BBC Storyville Preview: George Blake – Masterspy of Moscow + Q&A
This screening will be followed by a Q&A with director George Carey.
In April 1953, George Blake returned to Britain as a national hero, one of a small group of British diplomats who returned alive from three hard years as prisoner of the North Koreans. When the new Queen was crowned a couple of months later, he was among the select few invited to celebrate the day in No 2 Carlton Gardens, a discreet building overlooking the Mall from where the men who ran Britain’s Secret Intelligence Service were watching the royal procession. Little did they know that during his time as a prisoner he had become a Communist and decided to work for the KGB.
George Blake worked as a double agent for the Soviet Union until he was discovered in 1961 and sentenced to 42 years in prison. He escaped from Wormwood Scrubs prison in 1966 and fled to the USSR.

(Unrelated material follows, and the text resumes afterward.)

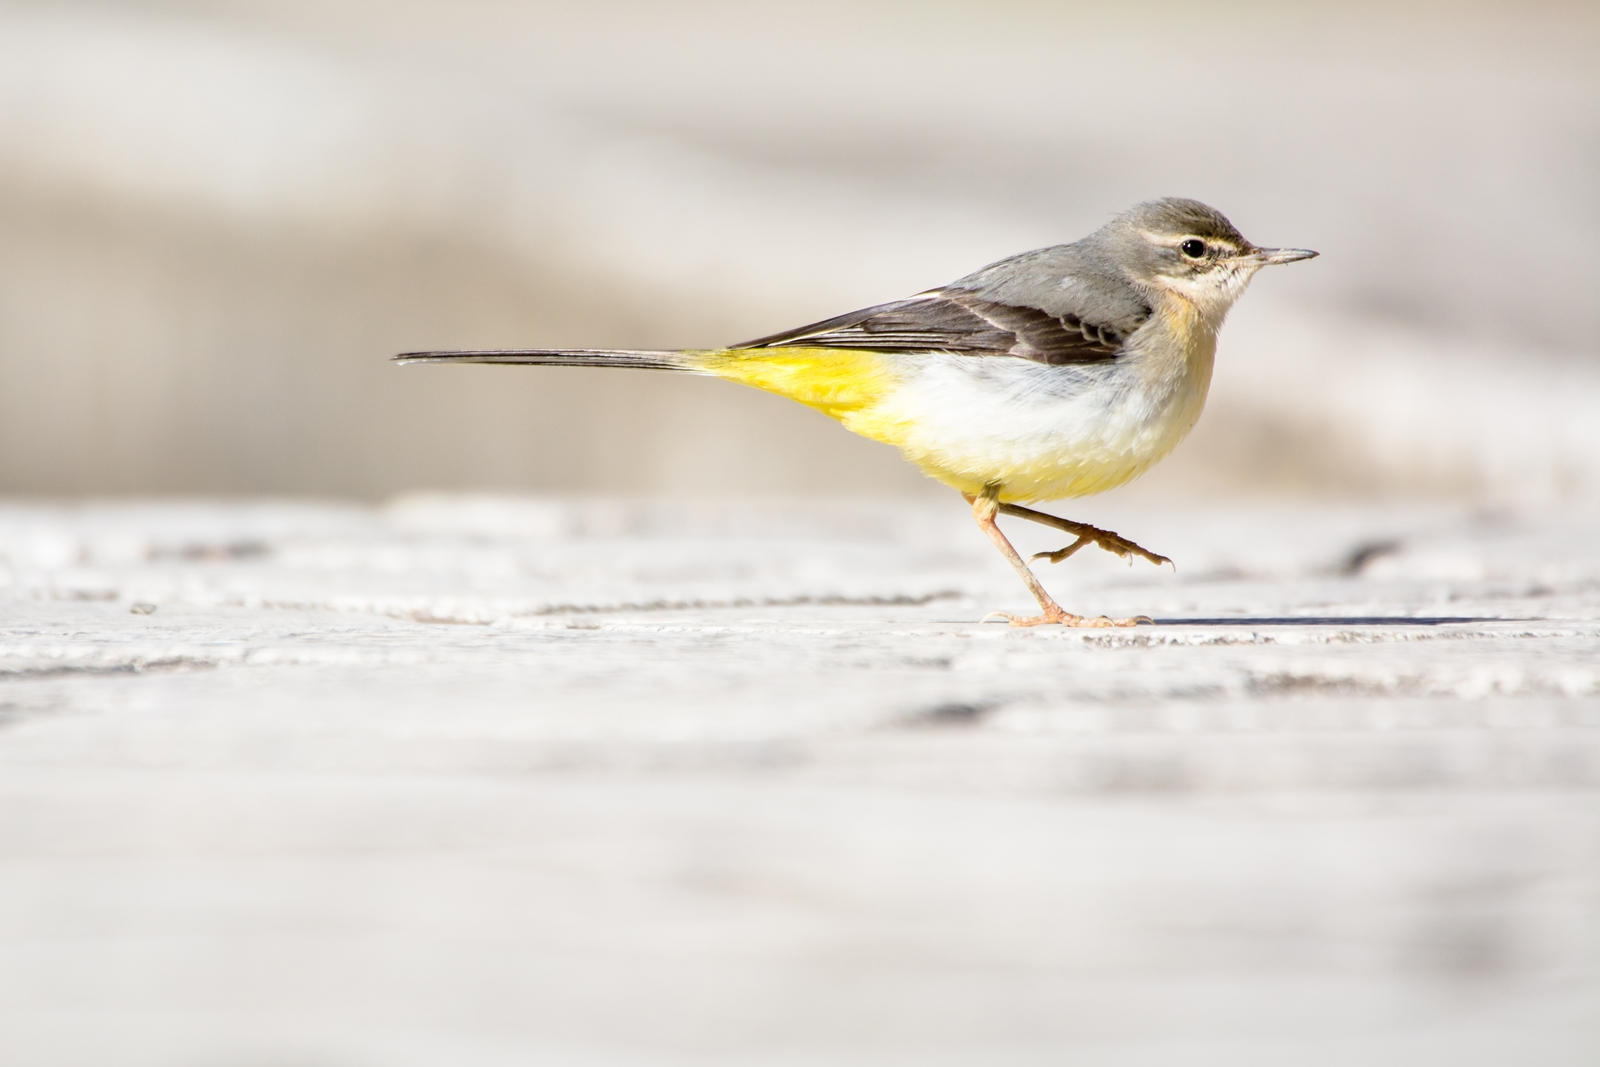 Photo: せかせか Walk in a hurry.  せかせか せかせか 急ぎ足 腹ごしらえに大忙し あっちへ行ったり こっちへ行ったり  Grey Wagtail. (キセキレイ)  #cooljapan #365cooljapanmay  #birdphotography #birds  #kawaii  Nikon D7100 SIGMA APO 50-500mm F5-6.3 DG OS HSM [ Day319, March 27th ]  小鳥の詩朗読 https://youtu.be/NSF8Jg4TAC0?list=PL2YtHGm0-R3qVsaqvQe9OYdJFCkI98wzF

All traitors are complicated, but no one more so than Blake. In The Righteous Traitor, director George Carey speaks to Blake’s close acquaintances, historians and other former spies to chronicle his curious history. A close friend of his, Louis Wesserling, describes Blake: “He was a gambler…He spied to fill a void. It gave him a sense of enormous importance”. According to Tim Weiner, the famous historian of the CIA, “the revelation of Blake’s treachery did more damage to relations between Britain and America than all the Cambridge Five put together.”